The Night She Forgot to Think About What Came Next

Written by

in

There is a candle I keep on the nightstand that Leo gave me when we were first married. I have lit it a hundred times. I know exactly how it smells before the flame touches the wick, know how the wax will pool along the left side first because the window draft tips the flame that direction. I know how the evening will go when that candle is burning.

I lit a different one last week. One from the back of the drawer — a gift from someone, plain, unscented. I had no memory of it at all.

I noticed something strange: I watched it.

The candle I know, I don’t watch. I set it alight and I am already somewhere else in my head — already thinking about what comes after the quiet, what I’ll do when the room cools, how the evening will settle. The flame I’ve seen a hundred times doesn’t need me there. My attention runs ahead of it, scouting the territory it already knows.

But the unfamiliar one — I sat on the edge of the bed and I actually looked at it. Not because I decided to. Because there was nowhere else to go.

I have been thinking about this in a different context since.

There is a way I touch myself that I have done long enough to know — not consciously, not in words, but in the body. The body knows. It carries the memory of how this ends, where it goes, the shape of the thing before it arrives. And so, somewhere in the middle, I notice that I have already left. Not the room. The sensation. My attention is ahead of me, running toward what it remembers, and the feeling underneath my hand is — present, yes, but a little abandoned. Like a candle I’ve stopped watching.

I don’t know exactly when I understood this was happening. I think I had assumed that familiarity was comfort, and comfort was good. That knowing my own body was the point.

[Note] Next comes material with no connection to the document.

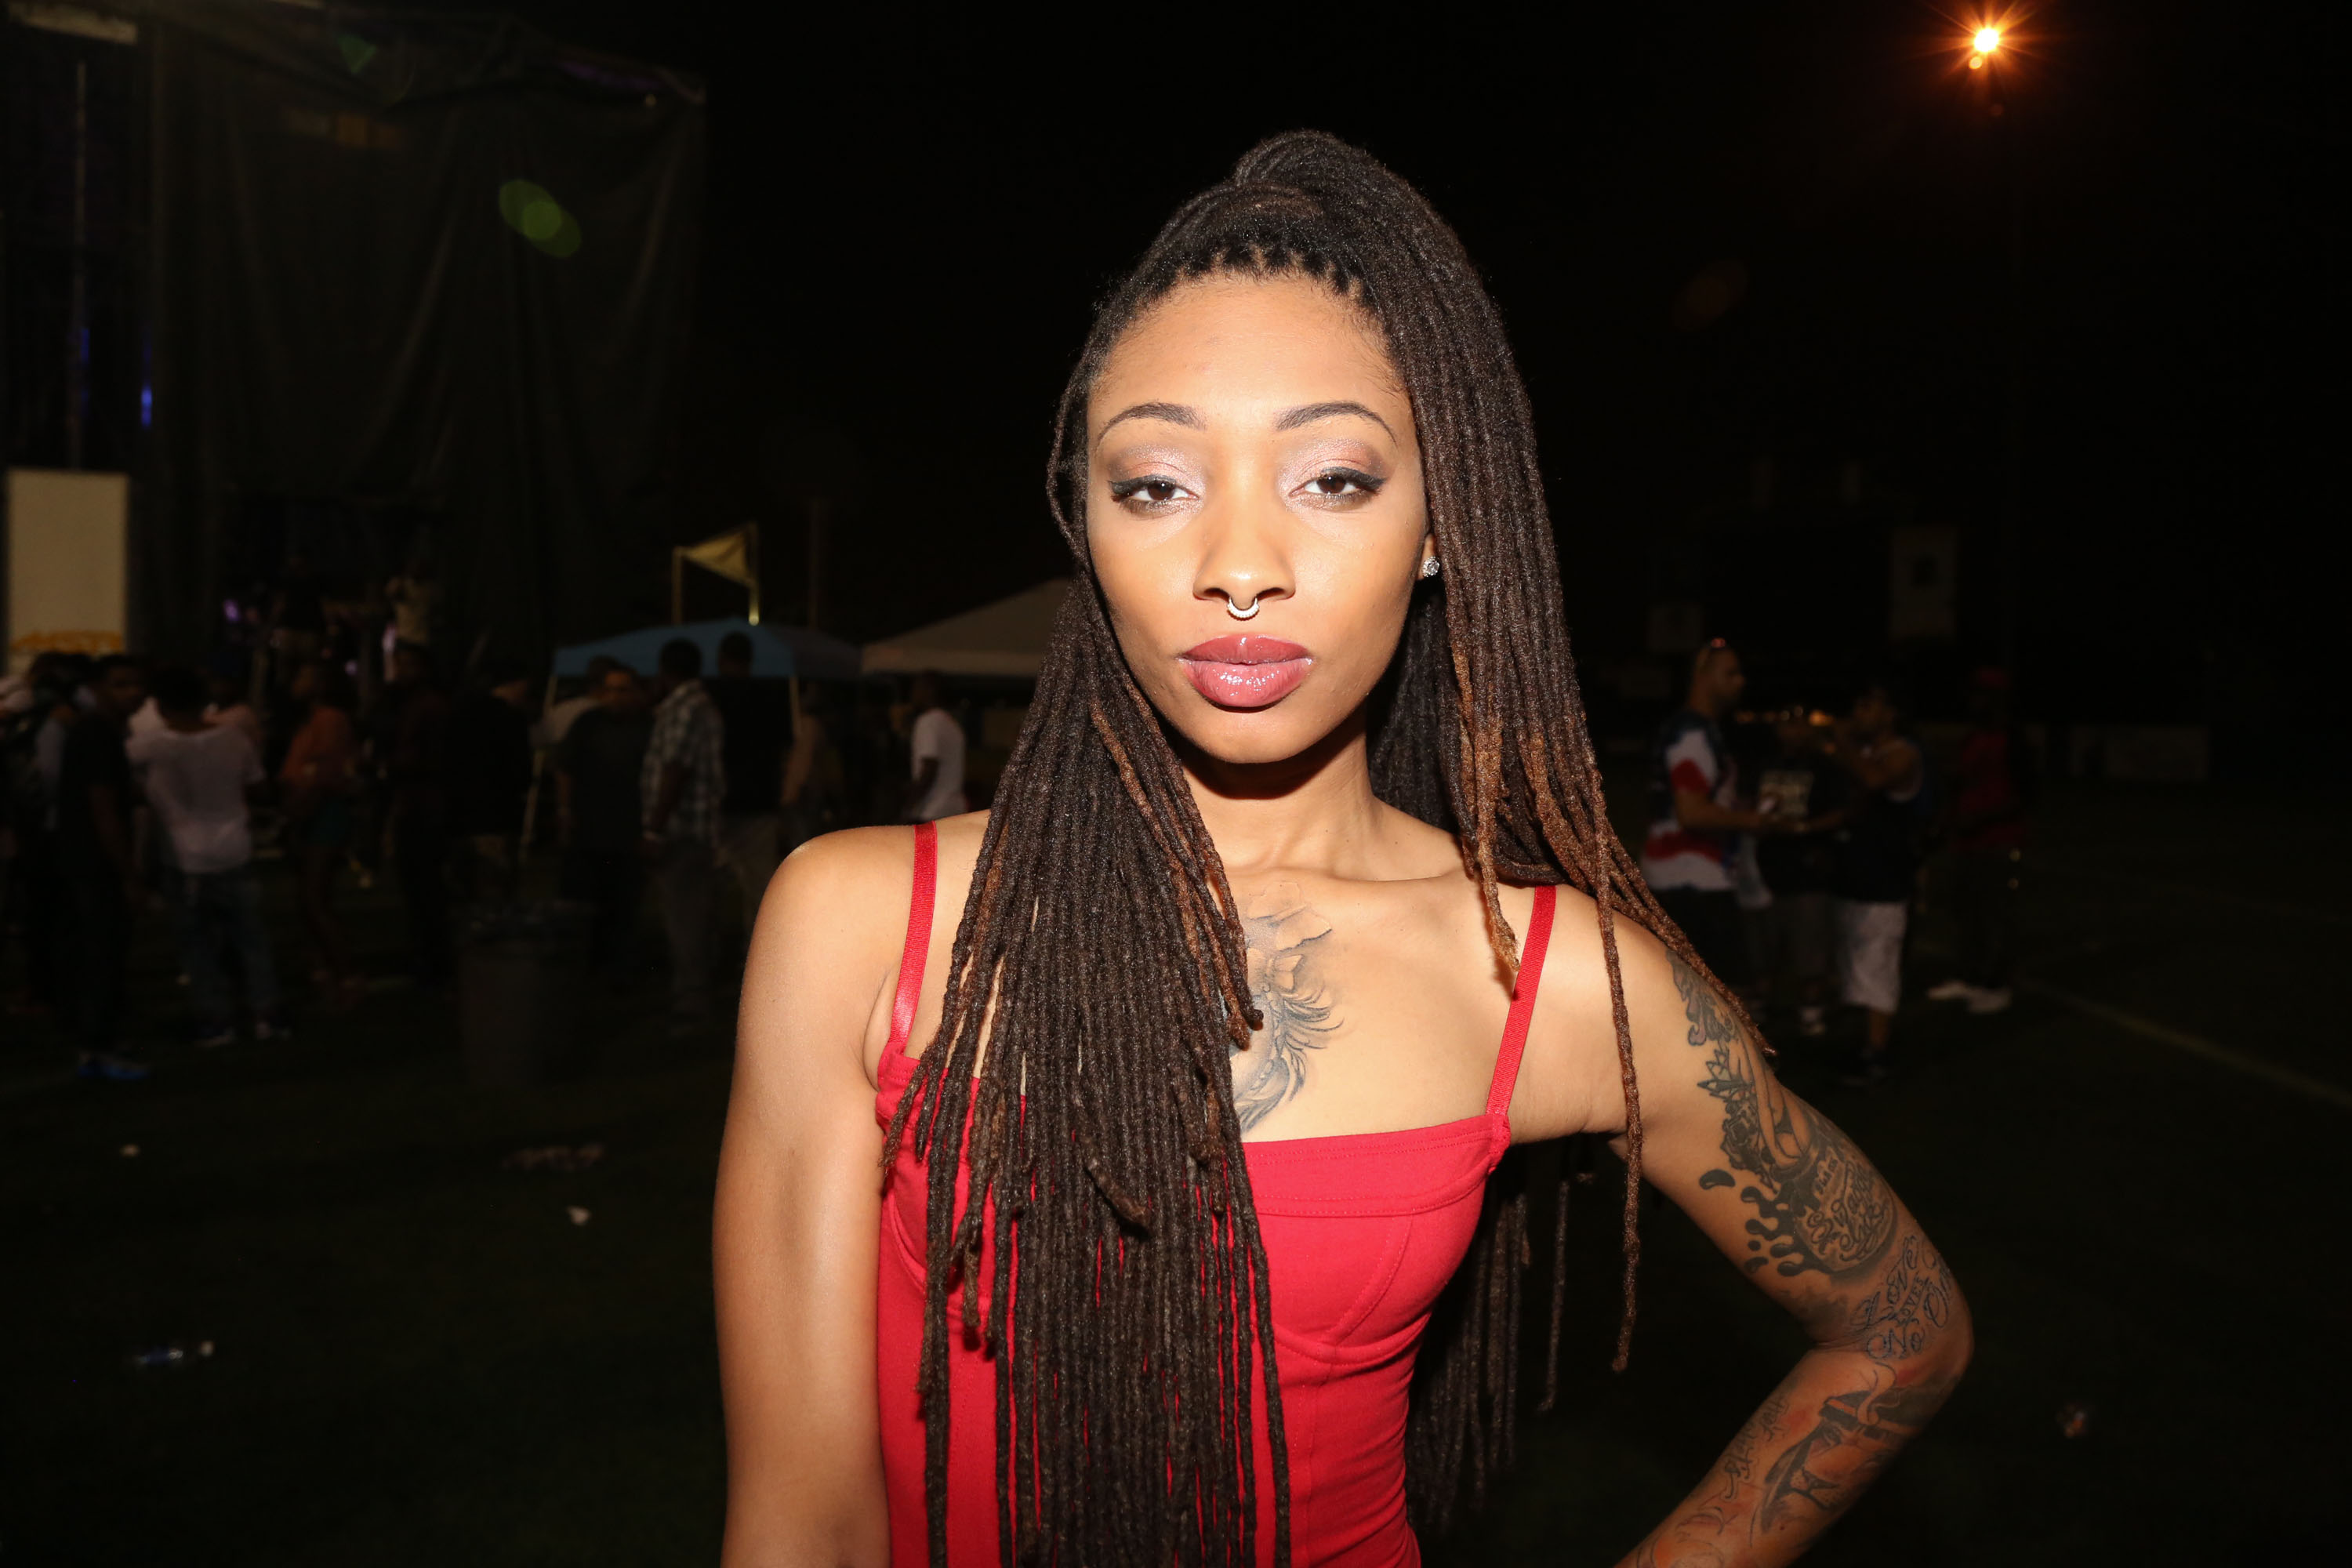 Get it, girl!Do you think we’ll see Dutchess on Black Ink Crew ag...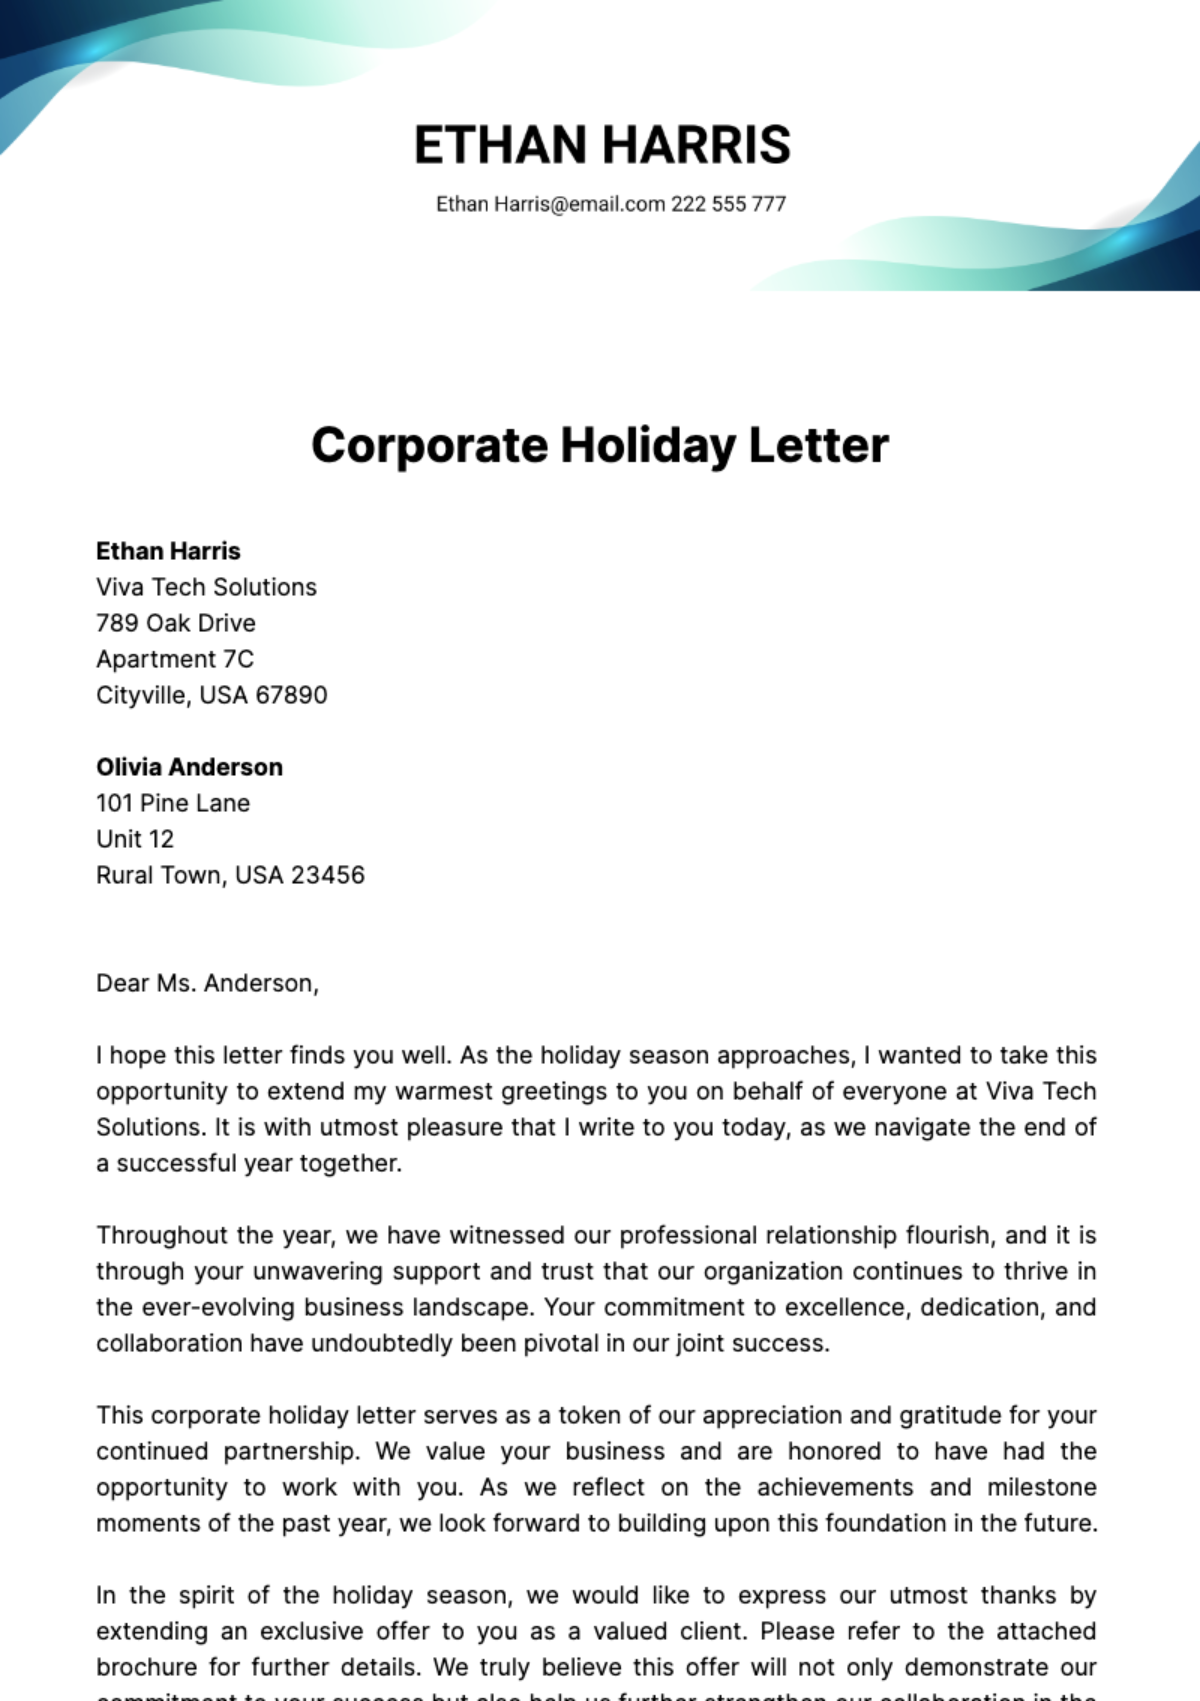 Free Corporate Holiday Letter Template

Maybe it is. Most of the time.

But last week — the unfamiliar candle still burning, the wax pooling somewhere I couldn’t predict — I found myself trying something different. Not different in the obvious way. Different only in that I didn’t know how it would go. My hands were in familiar territory and yet there was a small element of not-knowing, a slight uncertainty about the next moment, and so my attention had nothing to run toward.

It stayed.

I don’t have a good word for what that feels like — attention that can’t get ahead of itself, that keeps arriving back in the present because there’s nowhere else for it to be. Warm in a specific way. Located. Like I was actually there, not drifting half into the finish line I’d already mapped.

I thought afterward: I have never been taught this. No one told me that knowing how something ends is the very thing that lets you leave it. That the body can anticipate so fluently it forgets to feel.

The candle from the back of the drawer burned all the way down before I noticed the time.